Aim of the task:
Starting with the line that has "Presidential-Ballroom-Page---True-Photography-1600x900.jpg" and finishing with the line that has "Antioch Baptist Church outside of Greensboro", set down each line below exactly. Pictures are not copied.

Exercise data:
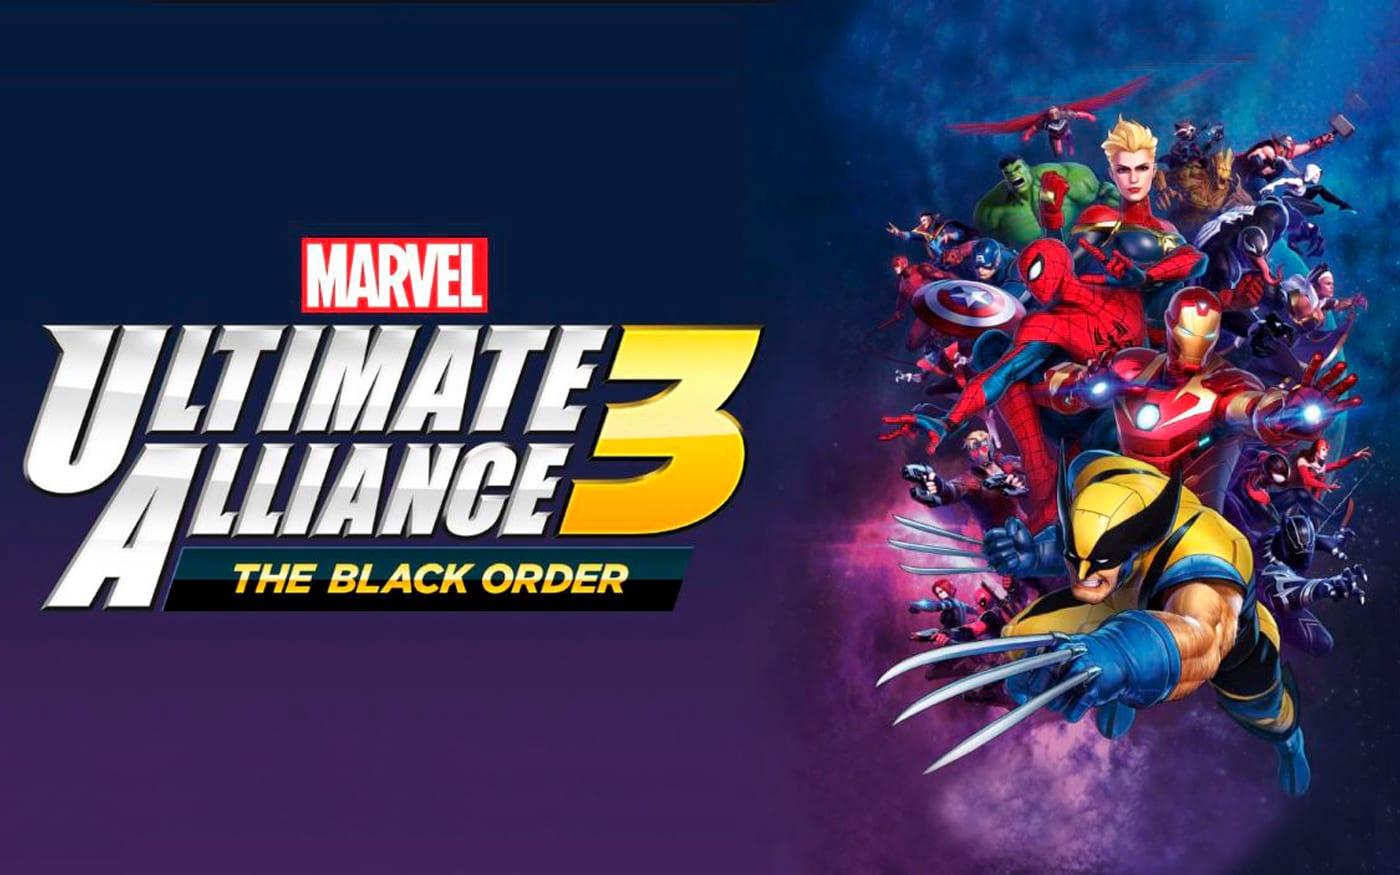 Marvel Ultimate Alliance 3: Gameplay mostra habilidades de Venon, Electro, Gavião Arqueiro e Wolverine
==
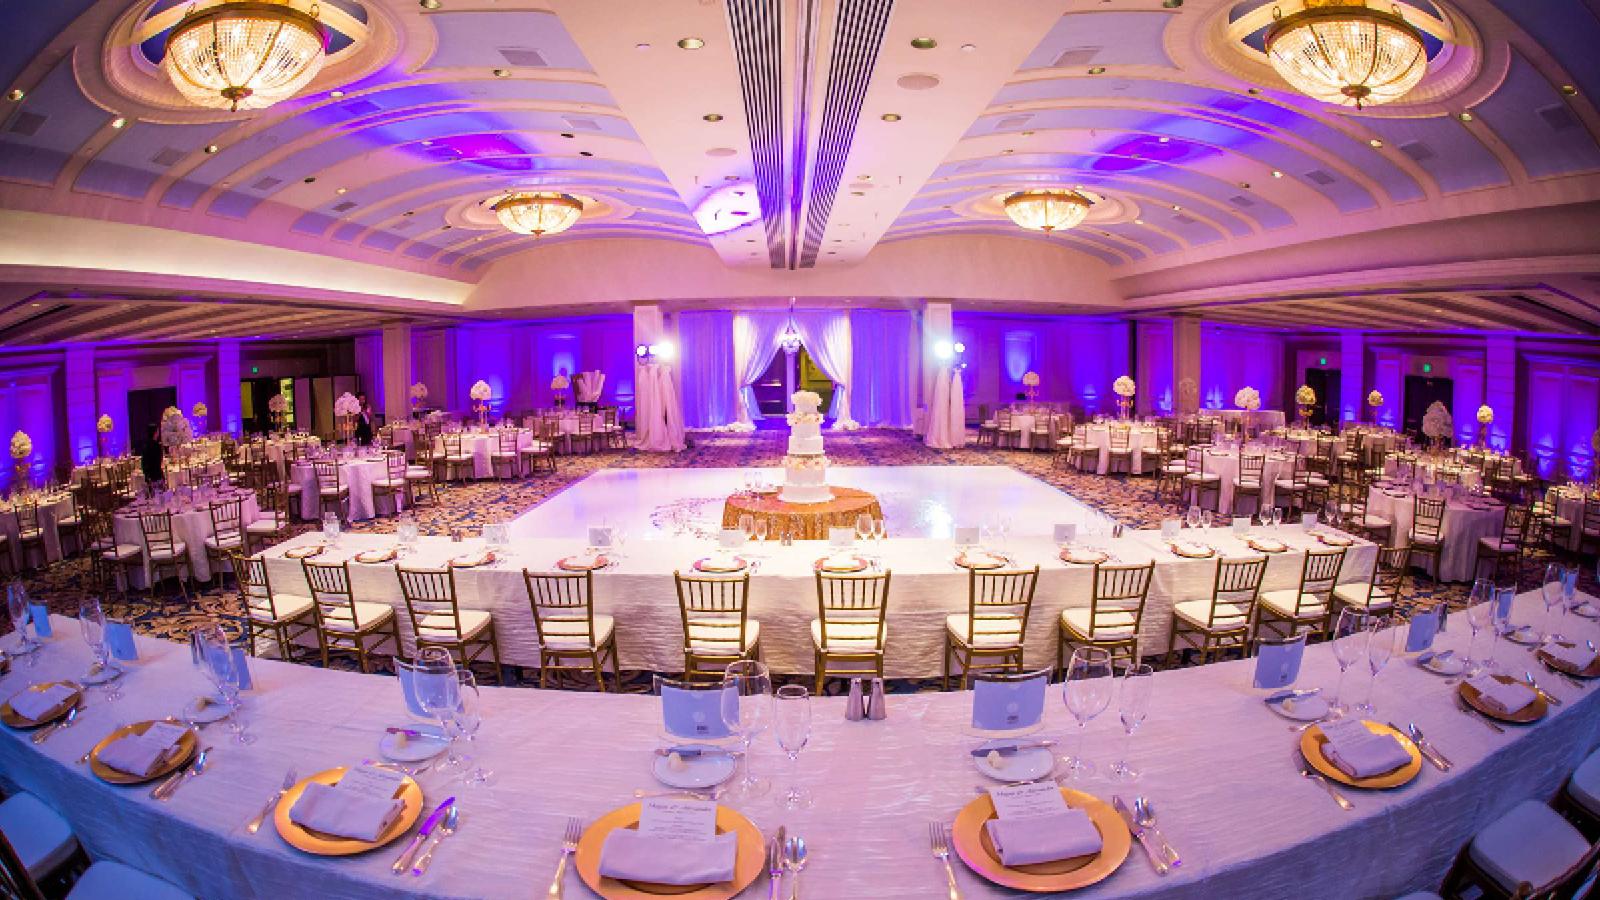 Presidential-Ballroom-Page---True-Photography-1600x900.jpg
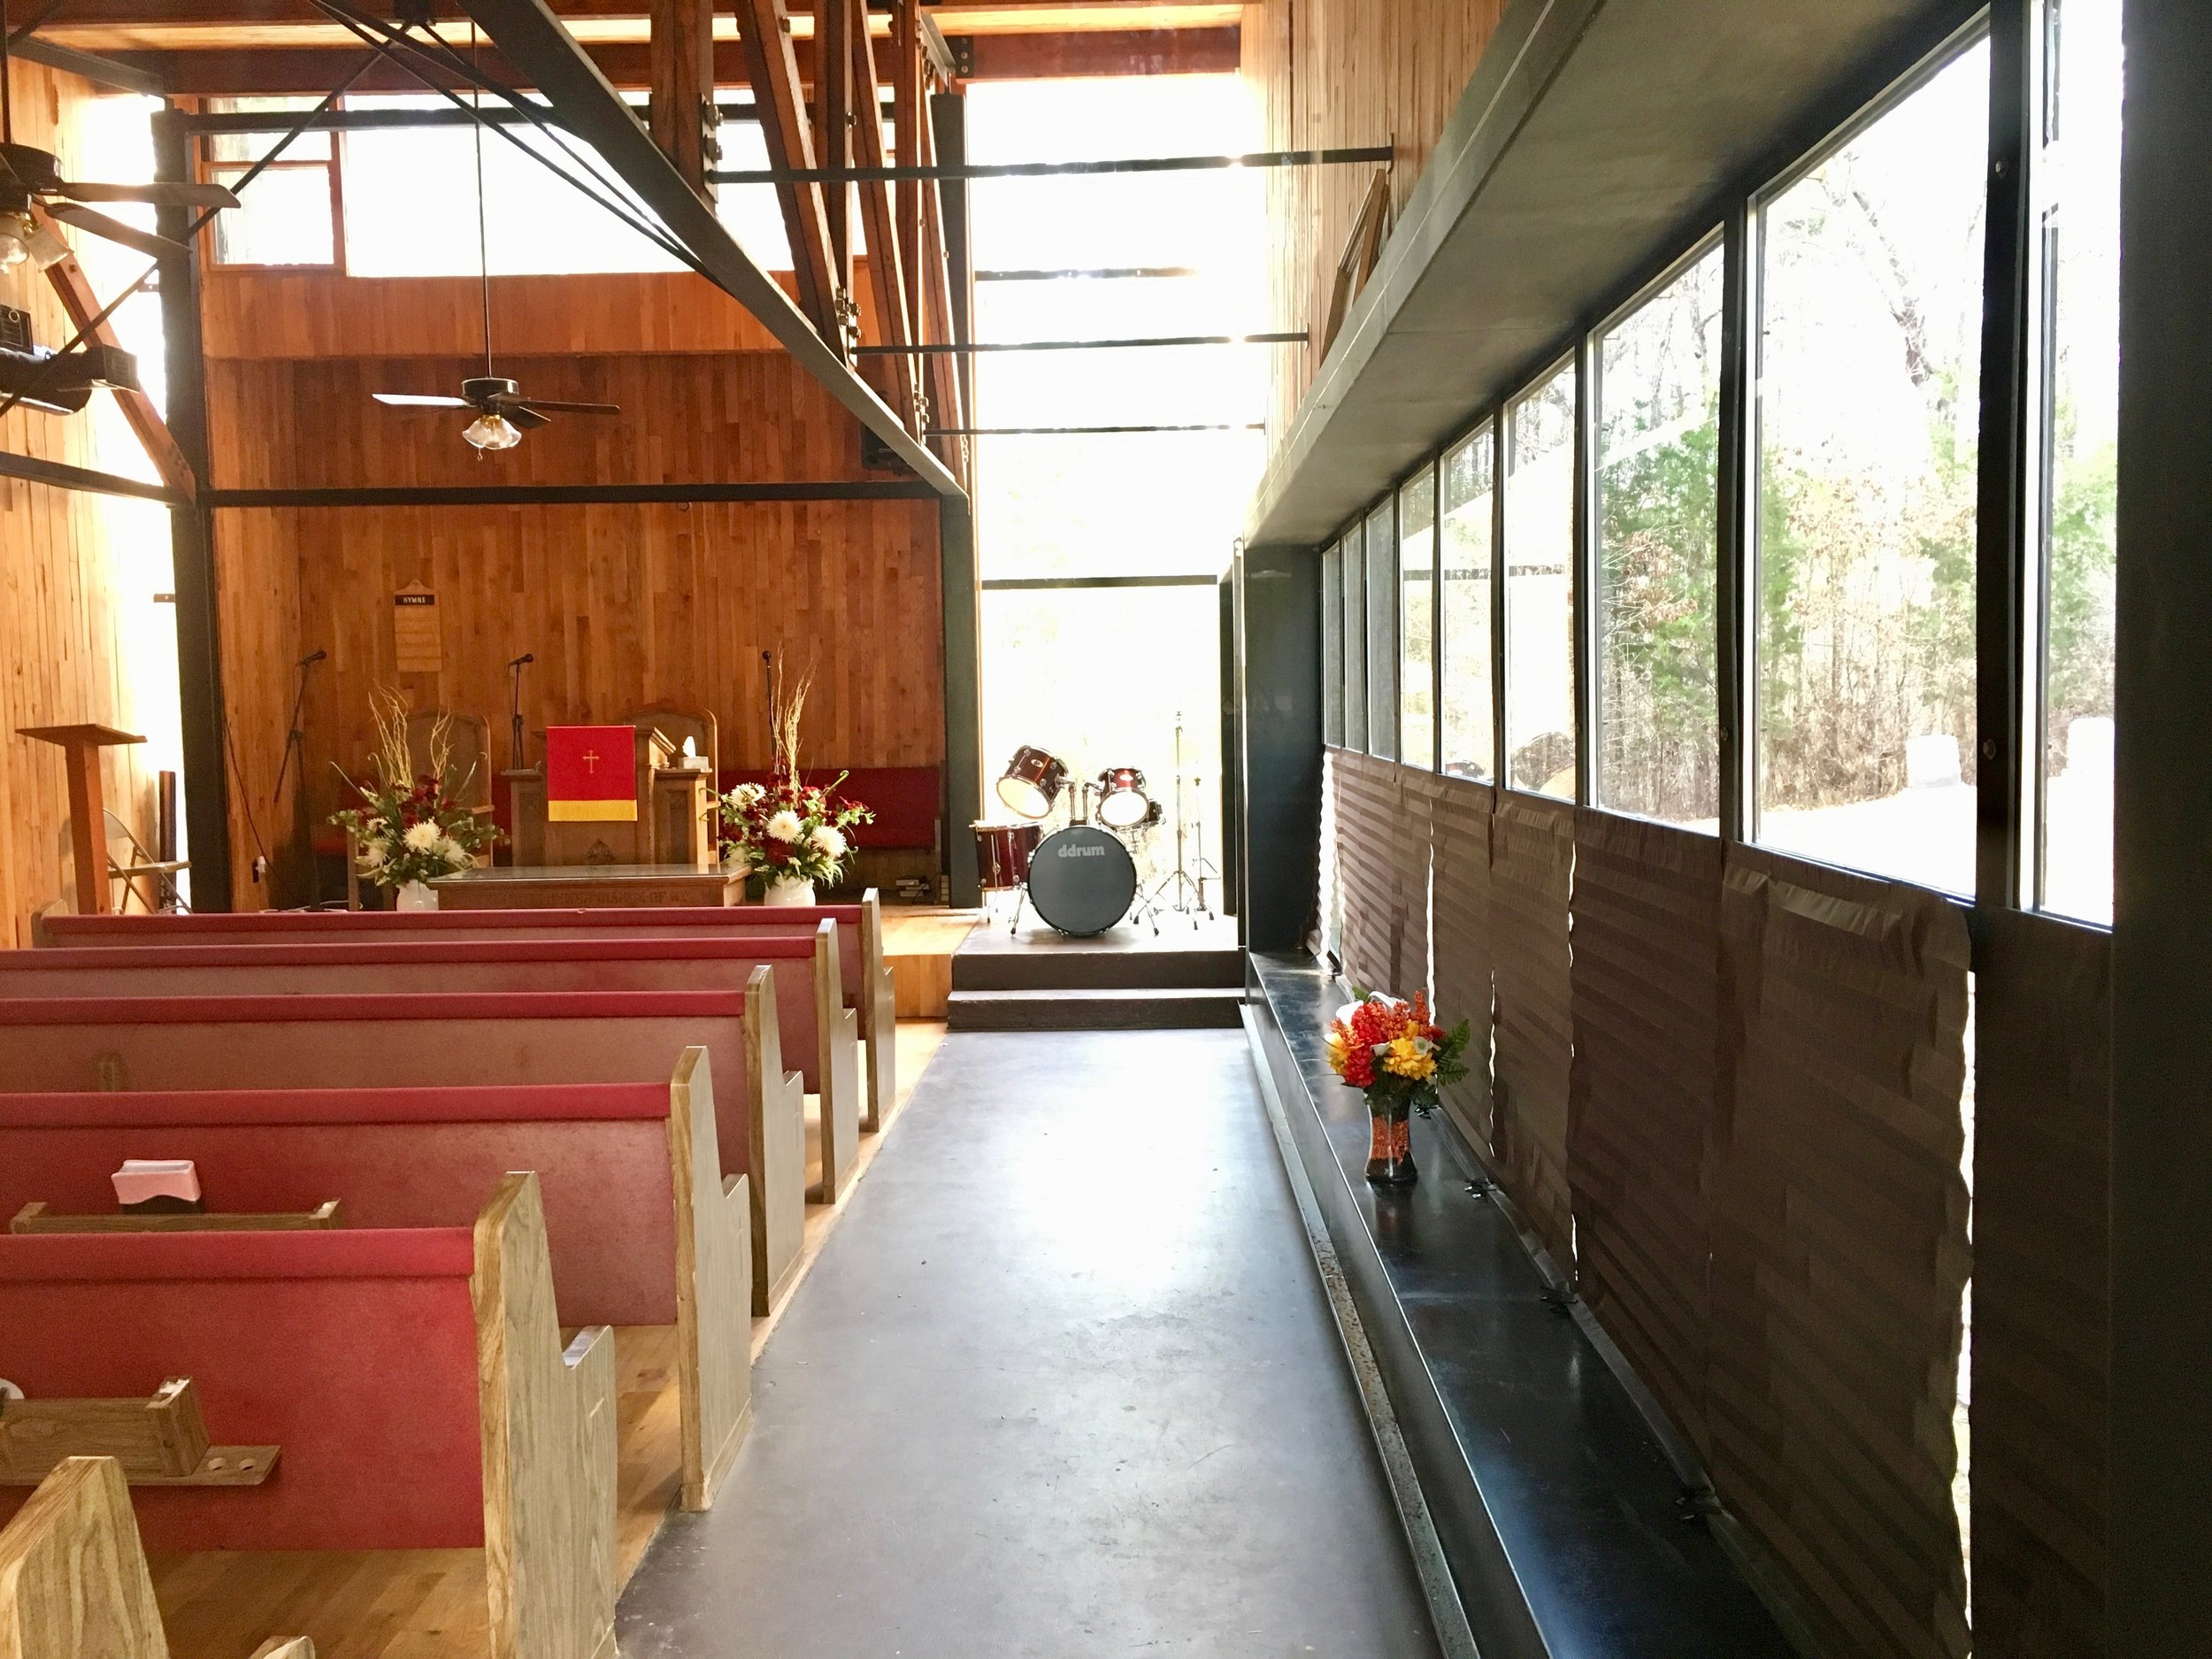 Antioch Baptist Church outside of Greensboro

Task response:
 Presidential-Ballroom-Page---True-Photography-1600x900.jpg
 Antioch Baptist Church outside of Greensboro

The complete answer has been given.